Raikkonen's defence back on track as Hamilton struggles to keep up
Monday 24 March 2008
The Australian Grand Prix might have been a nightmare for Ferrari, but a week is a long time in Formula One and yesterday Malaysia proved to be a dream as Kimi Raikkonen crushed his opposition and sped home to an easy 22-second victory.
What made the triumph sweeter still for the world champion, whose engine had blown up the previous week, was that his closest challenger was not arch-rival Lewis Hamilton, but Robert Kubica in a BMW Sauber. On a day when luck ran against him, Hamilton had to be satisfied with a fifth place finish that nevertheless maintained his lead in the drivers' championship table.

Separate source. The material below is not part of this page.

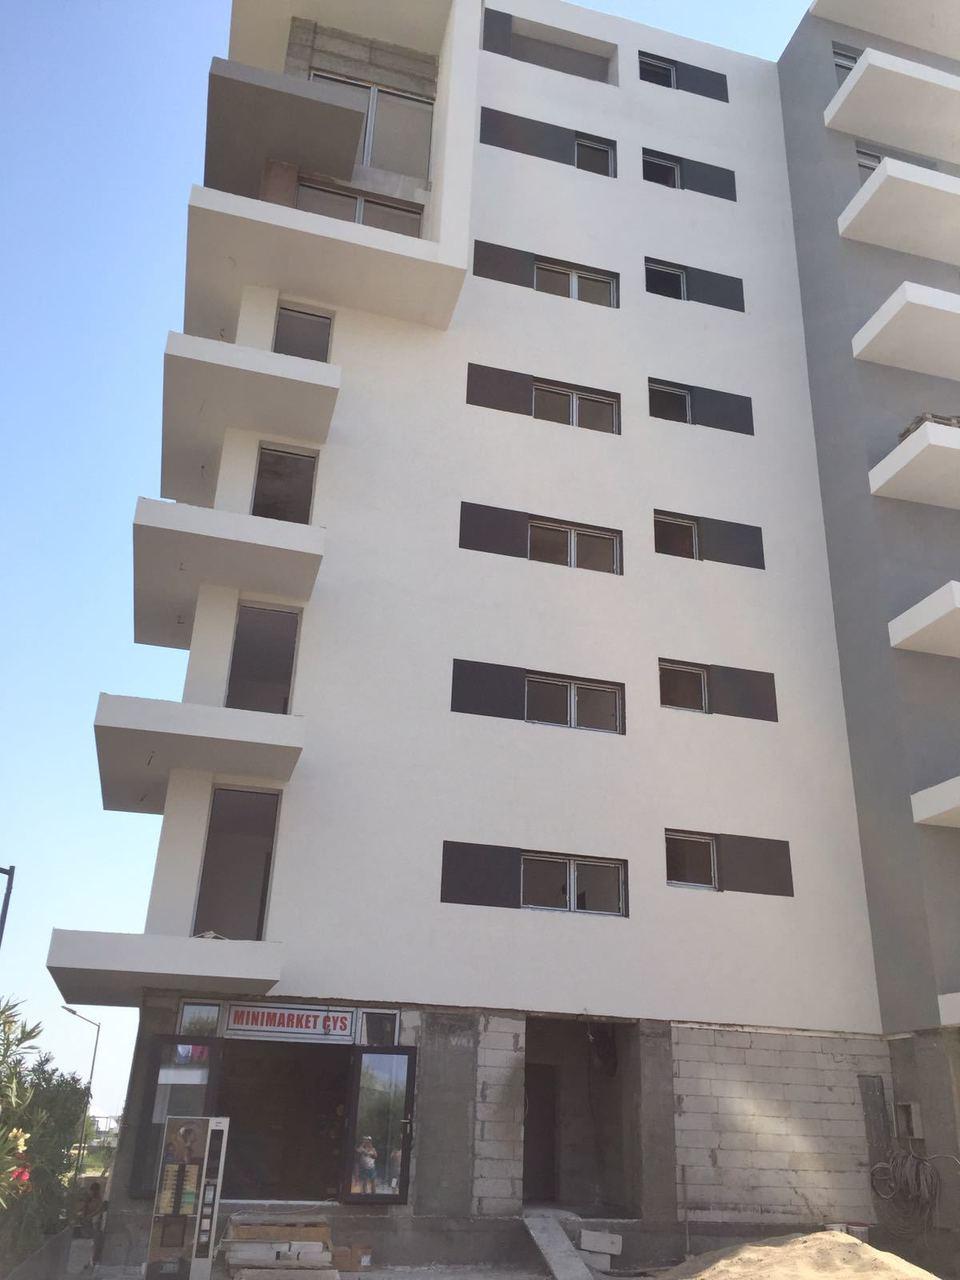 Asa arata blocul ridicat de familia Halep langa plaja

It was Raikkonen's team-mate Felipe Massa, starting from pole position, who took the lead at the outset, chased by Raikkonen and Kubica. Hamilton, starting from ninth place, after the five-place penalty he received after qualifying for inadvertently impeding Nick Heidfeld's best lap, made his usual brilliant start and surged alongside his former McLaren team-mate Fernando Alonso in the sprint to the first corner. The Spaniard did him no favours and moved him over the kerb on the outside, but after what happened between them at Spa-Francorhamps in Belgium last year Hamilton was not having any of that and refused to back off. As they turned into the first corner he ducked behind Alonso's Renault and then boxed it in against Heidfeld and Jarno Trulli on the outside, a pair who were having their own time-consuming battle after the Italian's Toyota had touched the German's BMW Sauber. By the second corner Hamilton was fifth, right behind Mark Webber, who got a good run down the inside in his Red Bull from sixth on the grid. Trulli tucked in behind him, with Heikki Kovalainen in the second McLaren next up.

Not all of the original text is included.